Records from a dataset
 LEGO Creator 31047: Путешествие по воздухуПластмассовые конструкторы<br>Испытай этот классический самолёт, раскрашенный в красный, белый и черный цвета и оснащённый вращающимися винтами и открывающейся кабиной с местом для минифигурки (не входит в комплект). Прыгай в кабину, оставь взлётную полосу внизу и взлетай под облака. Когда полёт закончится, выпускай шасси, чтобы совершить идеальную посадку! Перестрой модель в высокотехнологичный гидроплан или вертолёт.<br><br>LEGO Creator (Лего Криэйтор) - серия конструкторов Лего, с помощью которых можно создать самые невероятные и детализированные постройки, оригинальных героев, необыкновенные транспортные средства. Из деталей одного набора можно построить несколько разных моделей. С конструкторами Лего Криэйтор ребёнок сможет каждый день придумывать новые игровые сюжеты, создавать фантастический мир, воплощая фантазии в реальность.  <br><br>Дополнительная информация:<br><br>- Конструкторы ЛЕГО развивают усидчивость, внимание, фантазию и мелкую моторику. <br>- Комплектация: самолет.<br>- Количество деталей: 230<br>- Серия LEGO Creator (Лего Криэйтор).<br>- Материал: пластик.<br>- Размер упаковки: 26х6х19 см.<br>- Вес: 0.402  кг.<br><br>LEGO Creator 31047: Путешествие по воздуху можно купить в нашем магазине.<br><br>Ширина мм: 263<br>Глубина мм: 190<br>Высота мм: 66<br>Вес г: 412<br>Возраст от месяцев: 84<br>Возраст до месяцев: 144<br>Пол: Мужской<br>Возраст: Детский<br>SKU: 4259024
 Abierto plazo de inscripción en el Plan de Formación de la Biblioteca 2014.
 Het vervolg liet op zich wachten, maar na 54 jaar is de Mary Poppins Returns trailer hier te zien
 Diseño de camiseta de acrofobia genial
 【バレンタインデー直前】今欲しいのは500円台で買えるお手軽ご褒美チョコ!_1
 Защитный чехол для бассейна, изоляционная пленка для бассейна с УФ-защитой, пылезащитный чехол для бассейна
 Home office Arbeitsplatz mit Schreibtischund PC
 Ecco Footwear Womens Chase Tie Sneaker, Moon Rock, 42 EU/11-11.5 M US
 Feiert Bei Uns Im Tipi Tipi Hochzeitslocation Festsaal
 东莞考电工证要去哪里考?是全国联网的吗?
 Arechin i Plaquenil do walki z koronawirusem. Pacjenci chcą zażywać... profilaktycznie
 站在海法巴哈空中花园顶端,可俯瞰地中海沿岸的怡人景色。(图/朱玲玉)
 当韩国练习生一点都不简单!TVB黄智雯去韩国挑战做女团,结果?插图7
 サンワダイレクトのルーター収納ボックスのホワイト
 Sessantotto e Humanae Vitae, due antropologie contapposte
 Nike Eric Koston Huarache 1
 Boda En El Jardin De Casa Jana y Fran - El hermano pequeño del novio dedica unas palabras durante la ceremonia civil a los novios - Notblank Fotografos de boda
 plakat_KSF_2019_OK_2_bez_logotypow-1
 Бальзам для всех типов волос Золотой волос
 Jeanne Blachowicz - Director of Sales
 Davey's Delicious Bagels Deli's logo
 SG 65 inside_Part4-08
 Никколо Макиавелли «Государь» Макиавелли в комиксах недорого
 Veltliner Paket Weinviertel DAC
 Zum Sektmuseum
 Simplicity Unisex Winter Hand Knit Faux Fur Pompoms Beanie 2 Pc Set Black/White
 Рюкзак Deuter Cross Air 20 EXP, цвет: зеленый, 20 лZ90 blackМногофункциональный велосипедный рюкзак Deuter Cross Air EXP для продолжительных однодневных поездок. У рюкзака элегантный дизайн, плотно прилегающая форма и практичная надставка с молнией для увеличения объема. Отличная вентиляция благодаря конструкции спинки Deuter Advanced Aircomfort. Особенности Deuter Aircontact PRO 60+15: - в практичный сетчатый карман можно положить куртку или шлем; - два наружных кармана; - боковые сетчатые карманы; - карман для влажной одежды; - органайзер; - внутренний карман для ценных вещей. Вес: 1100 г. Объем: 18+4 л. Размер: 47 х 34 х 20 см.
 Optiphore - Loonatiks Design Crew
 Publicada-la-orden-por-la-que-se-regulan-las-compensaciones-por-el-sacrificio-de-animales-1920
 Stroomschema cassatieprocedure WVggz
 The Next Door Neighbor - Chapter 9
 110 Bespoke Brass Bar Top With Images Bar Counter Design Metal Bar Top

# Work instructions
Keep every word intact and transcribe the records in full.

# Task response
 LEGO Creator 31047: Путешествие по воздухуПластмассовые конструкторы<br>Испытай этот классический самолёт, раскрашенный в красный, белый и черный цвета и оснащённый вращающимися винтами и открывающейся кабиной с местом для минифигурки (не входит в комплект). Прыгай в кабину, оставь взлётную полосу внизу и взлетай под облака. Когда полёт закончится, выпускай шасси, чтобы совершить идеальную посадку! Перестрой модель в высокотехнологичный гидроплан или вертолёт.<br><br>LEGO Creator (Лего Криэйтор) - серия конструкторов Лего, с помощью которых можно создать самые невероятные и детализированные постройки, оригинальных героев, необыкновенные транспортные средства. Из деталей одного набора можно построить несколько разных моделей. С конструкторами Лего Криэйтор ребёнок сможет каждый день придумывать новые игровые сюжеты, создавать фантастический мир, воплощая фантазии в реальность.  <br><br>Дополнительная информация:<br><br>- Конструкторы ЛЕГО развивают усидчивость, внимание, фантазию и мелкую моторику. <br>- Комплектация: самолет.<br>- Количество деталей: 230<br>- Серия LEGO Creator (Лего Криэйтор).<br>- Материал: пластик.<br>- Размер упаковки: 26х6х19 см.<br>- Вес: 0.402  кг.<br><br>LEGO Creator 31047: Путешествие по воздуху можно купить в нашем магазине.<br><br>Ширина мм: 263<br>Глубина мм: 190<br>Высота мм: 66<br>Вес г: 412<br>Возраст от месяцев: 84<br>Возраст до месяцев: 144<br>Пол: Мужской<br>Возраст: Детский<br>SKU: 4259024
 Abierto plazo de inscripción en el Plan de Formación de la Biblioteca 2014.
 Het vervolg liet op zich wachten, maar na 54 jaar is de Mary Poppins Returns trailer hier te zien
 Diseño de camiseta de acrofobia genial
 【バレンタインデー直前】今欲しいのは500円台で買えるお手軽ご褒美チョコ!_1
 Защитный чехол для бассейна, изоляционная пленка для бассейна с УФ-защитой, пылезащитный чехол для бассейна
 Home office Arbeitsplatz mit Schreibtischund PC
 Ecco Footwear Womens Chase Tie Sneaker, Moon Rock, 42 EU/11-11.5 M US
 Feiert Bei Uns Im Tipi Tipi Hochzeitslocation Festsaal
 东莞考电工证要去哪里考?是全国联网的吗?
 Arechin i Plaquenil do walki z koronawirusem. Pacjenci chcą zażywać... profilaktycznie
 站在海法巴哈空中花园顶端,可俯瞰地中海沿岸的怡人景色。(图/朱玲玉)
 当韩国练习生一点都不简单!TVB黄智雯去韩国挑战做女团,结果?插图7
 サンワダイレクトのルーター収納ボックスのホワイト
 Sessantotto e Humanae Vitae, due antropologie contapposte
 Nike Eric Koston Huarache 1
 Boda En El Jardin De Casa Jana y Fran - El hermano pequeño del novio dedica unas palabras durante la ceremonia civil a los novios - Notblank Fotografos de boda
 plakat_KSF_2019_OK_2_bez_logotypow-1
 Бальзам для всех типов волос Золотой волос
 Jeanne Blachowicz - Director of Sales
 Davey's Delicious Bagels Deli's logo
 SG 65 inside_Part4-08
 Никколо Макиавелли «Государь» Макиавелли в комиксах недорого
 Veltliner Paket Weinviertel DAC
 Zum Sektmuseum
 Simplicity Unisex Winter Hand Knit Faux Fur Pompoms Beanie 2 Pc Set Black/White
 Рюкзак Deuter Cross Air 20 EXP, цвет: зеленый, 20 лZ90 blackМногофункциональный велосипедный рюкзак Deuter Cross Air EXP для продолжительных однодневных поездок. У рюкзака элегантный дизайн, плотно прилегающая форма и практичная надставка с молнией для увеличения объема. Отличная вентиляция благодаря конструкции спинки Deuter Advanced Aircomfort. Особенности Deuter Aircontact PRO 60+15: - в практичный сетчатый карман можно положить куртку или шлем; - два наружных кармана; - боковые сетчатые карманы; - карман для влажной одежды; - органайзер; - внутренний карман для ценных вещей. Вес: 1100 г. Объем: 18+4 л. Размер: 47 х 34 х 20 см.
 Optiphore - Loonatiks Design Crew
 Publicada-la-orden-por-la-que-se-regulan-las-compensaciones-por-el-sacrificio-de-animales-1920
 Stroomschema cassatieprocedure WVggz
 The Next Door Neighbor - Chapter 9
 110 Bespoke Brass Bar Top With Images Bar Counter Design Metal Bar Top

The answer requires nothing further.